Check that db1 and db2 dual master run for a period of time. after about 20 minutes, you can perform the switchover operation. after all, db1 is an ssd and db2 is a common medium.

[Nova @ db0203 ~] $ Date

Thu Sep 5 12:11:02 GMT 2013

[Nova @ db0203 ~] $ Sudo-u mmmd/usr/sbin/mmm_control move_role writer db1

OK: Role 'write' has been moved from 'db2 'to 'db1'. Now you can wait some time and check new roles info!

[Nova @ db0203 ~] $ Sudo-u mmmd mmm_control show

Db1 (20.222.21.173) master/ONLINE. Roles: reader (20.222.22.57), writer (20.222.22.56)

Db2 (connector 222.22.145) master/ONLINE. Roles: reader (connector 222.22.58)

We can see that db1 has become a writer.

BitsCN.com

Contact Us

The content source of this page is from Internet, which doesn't represent Alibaba Cloud's opinion; products and services mentioned on that page don't have any relationship with Alibaba Cloud. If the content of the page makes you feel confusing, please write us an email, we will handle the problem within 5 days after receiving your email.
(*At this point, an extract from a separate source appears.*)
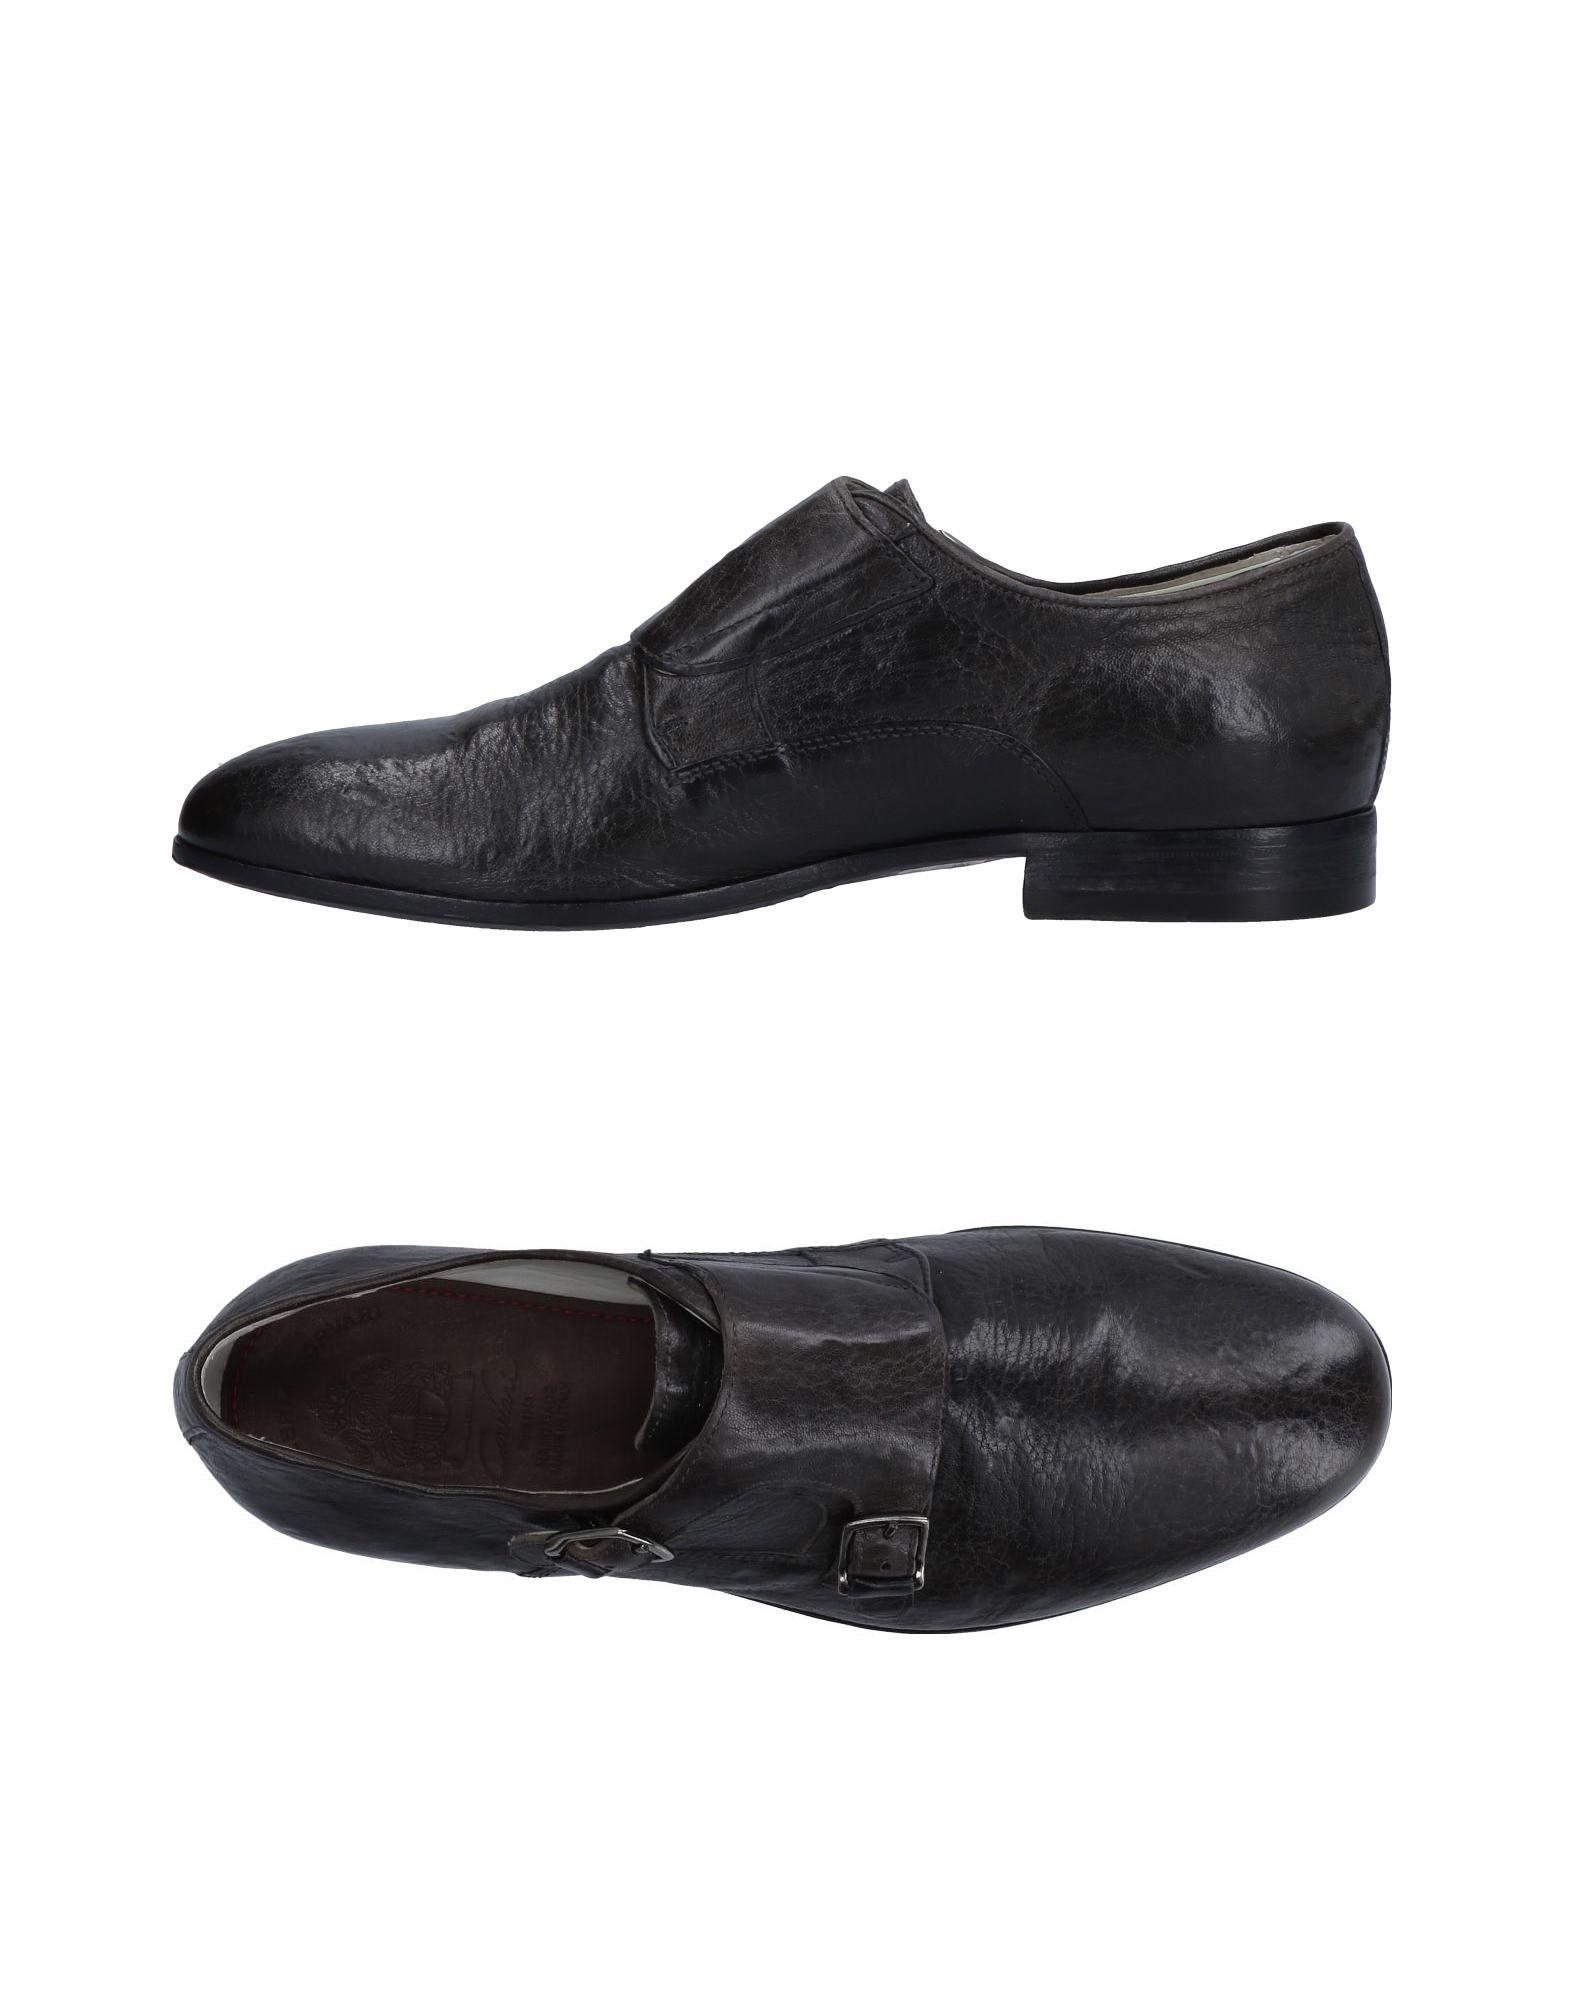 Corvari Mokassins Herren  11173847XL Gute Qualität beliebte Schuhe

If you find any instances of plagiarism from the community, please send an email to: info-contact@alibabacloud.com and provide relevant evidence. A staff member will contact you within 5 working days.

A Free Trial That Lets You Build Big!

Start building with 50+ products and up to 12 months usage for Elastic Compute Service

  • Sales Support

    1 on 1 presale consultation

  • After-Sales Support

    24/7 Technical Support 6 Free Tickets per Quarter Faster Response

  • Alibaba Cloud offers highly flexible support services tailored to meet your exact needs.